Toutefois, cette formalisation doit rester souple et adaptée afin de ne pas dissuader ces entrepreneurs d’y adhérer.

Une complémentarité avec la SODECI

99 % des POPE estiment que leur activité est complémentaire et non concurrente à celle de la SODECI, principal distributeur d’eau potable en Côte d’Ivoire. En intégrant ces opérateurs dans une stratégie globale, il serait possible d’améliorer la desserte des zones périurbaines et rurales, souvent moins bien desservies par le réseau officiel.

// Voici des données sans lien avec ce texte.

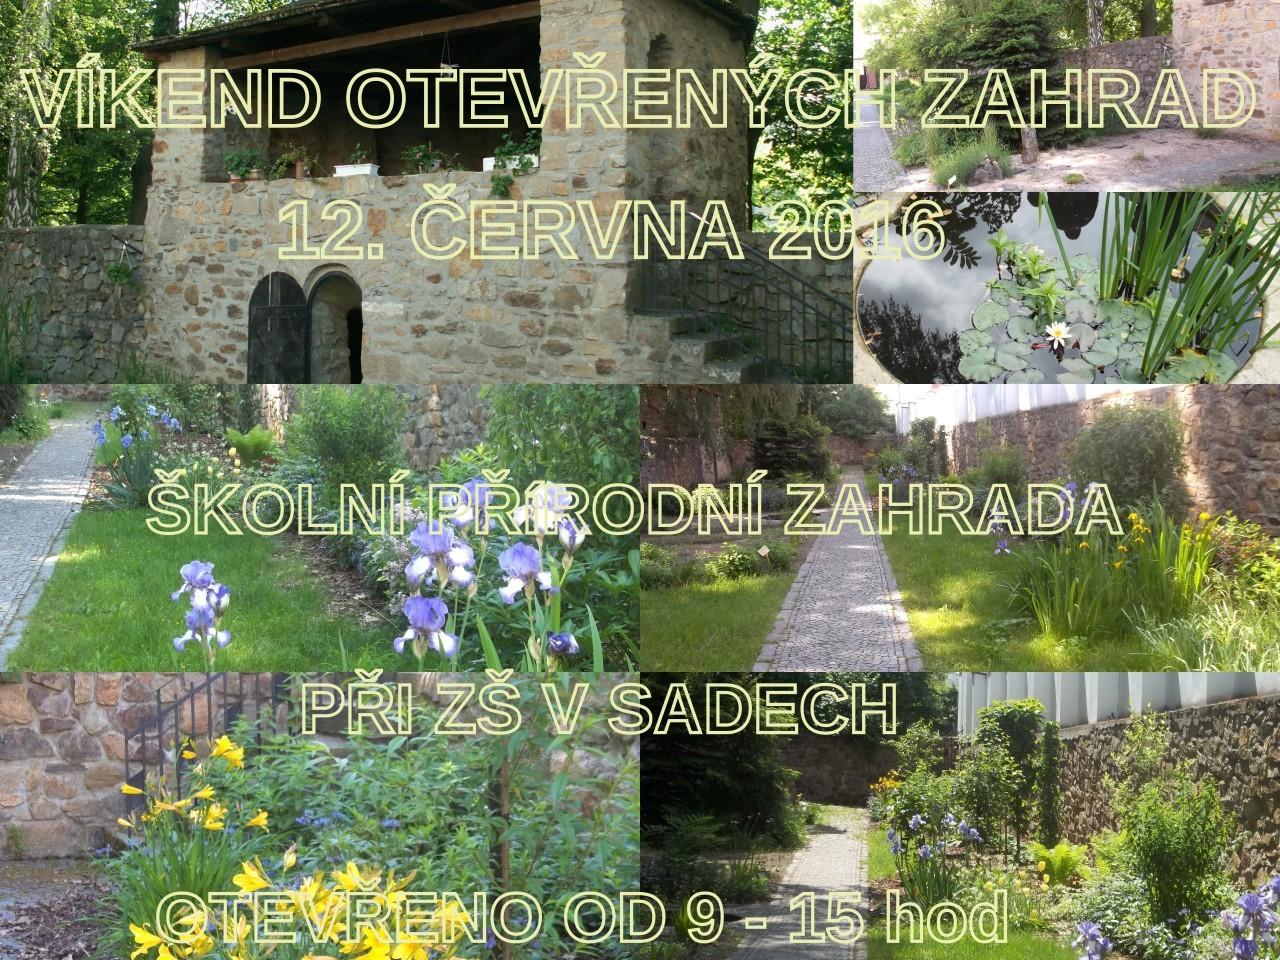 Víkend otevřených zahrad s Oříškem

Des solutions concrètes pourraient être envisagées, telles que :

- La sous-traitance de mini-réseaux d’eau installés par les POPE dans les zones mal desservies.

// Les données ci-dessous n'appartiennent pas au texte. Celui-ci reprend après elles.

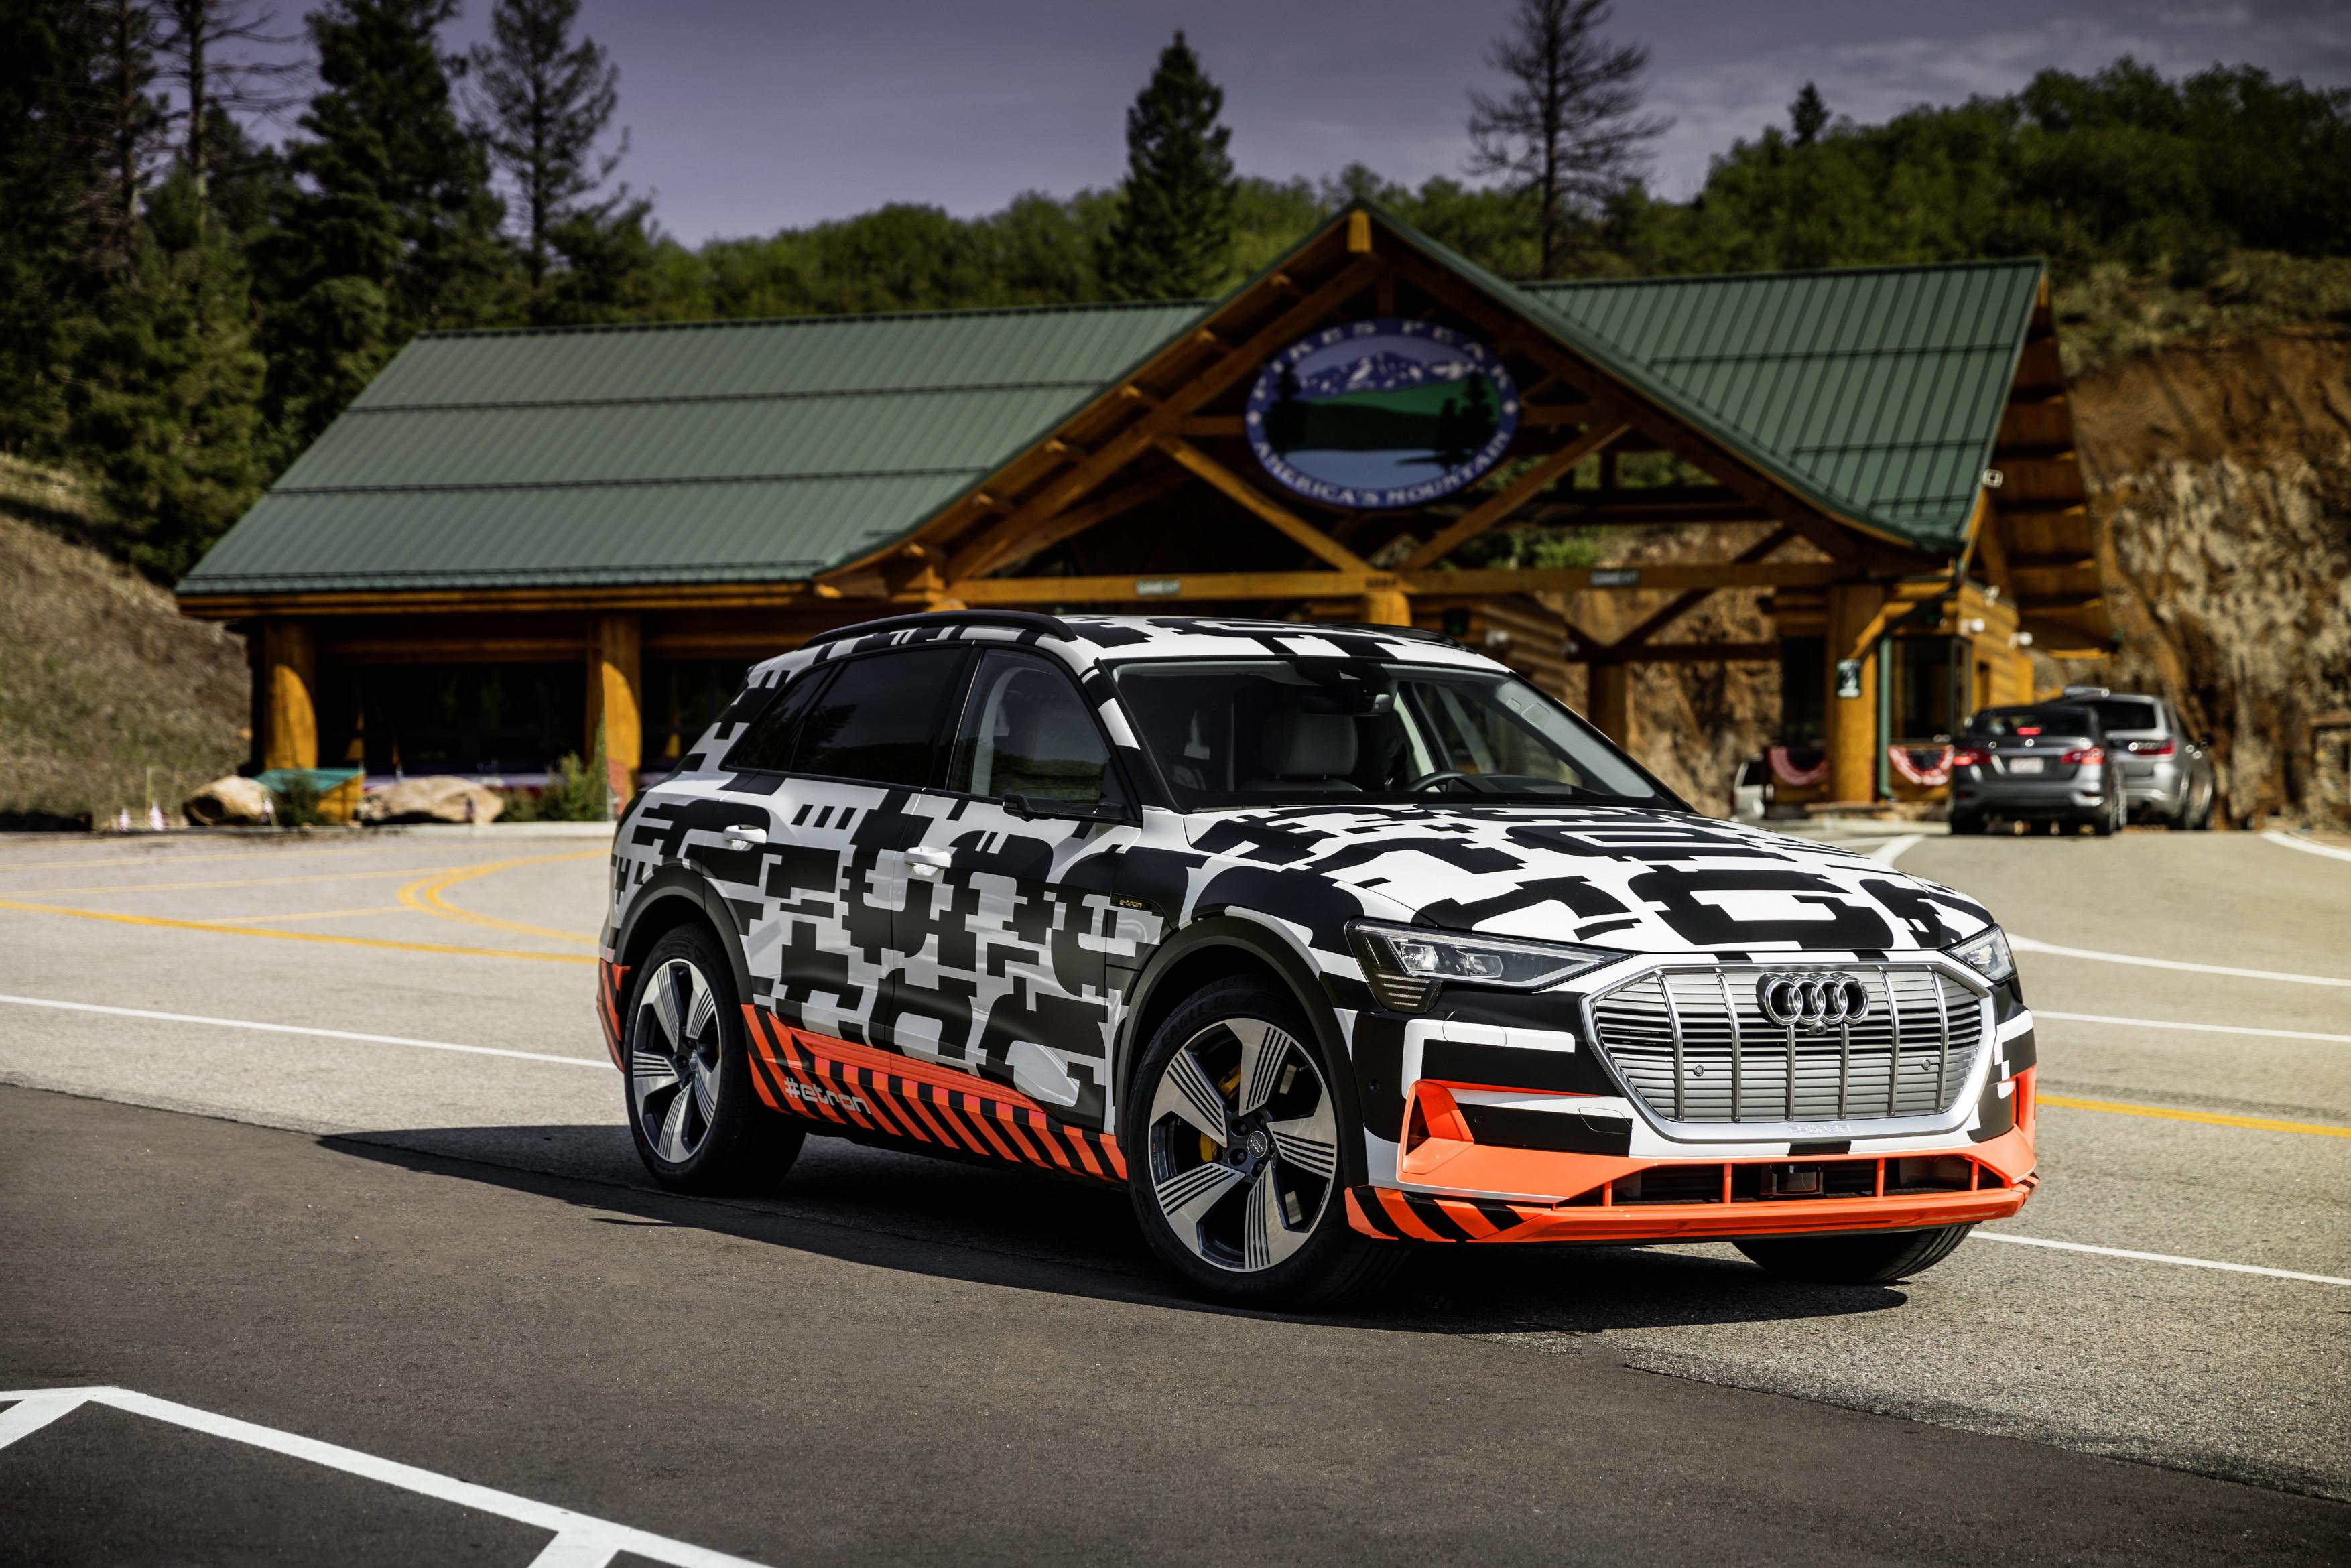 Audi e-tron details confirmed

- Un partenariat avec l’Office National de l’Eau Potable (ONEP) pour assurer l’approvisionnement provisoire en cas de baisse de pression, de coupure et de toute autre difficulté d’accès à l’eau potable.

- Un projet pilote pourrait être mené à Abidjan pour mettre en œuvre des propositions de l’étude. Les POPE pourraient être recensés, enregistrés, formés et accompagnés de même que les acteurs clés de la chaîne de valeur. Des contenants (bidons) sains pourraient être mis à leur disposition.

Un modèle inspirant pour d’autres pays

La formalisation et l’intégration des POPE au sein du système de distribution d’eau constitueraient une approche innovante et pragmatique pour réduire les inégalités d’accès à l’eau potable en Côte d’Ivoire. Un modèle hybride combinant flexibilité, proximité et qualité de service pourrait également inspirer d’autres pays confrontés à des défis similaires.

Loin d’être un simple palliatif, ces entrepreneurs de l’eau démontrent qu’une collaboration intelligente entre secteur public et initiatives privées peut transformer durablement l’accès à l’eau potable pour tous.

Une correspondance de Michel Kelly-Gagnon, président fondateur de l'Institut économique de Montréal et Gisèle Dutheuil directrice d’Audace Institut d'Afrique.

(*) Projet mené par l’Institut économique de Montréal (IEDM), en collaboration avec Audace Institut Afrique (AIA), un professeur de l’Université de Montréal (Canada) et un Maître de conférences de l’Université Sultan Moulay Slimane (Maroc), avec le soutien de la Templeton World Charity Foundation.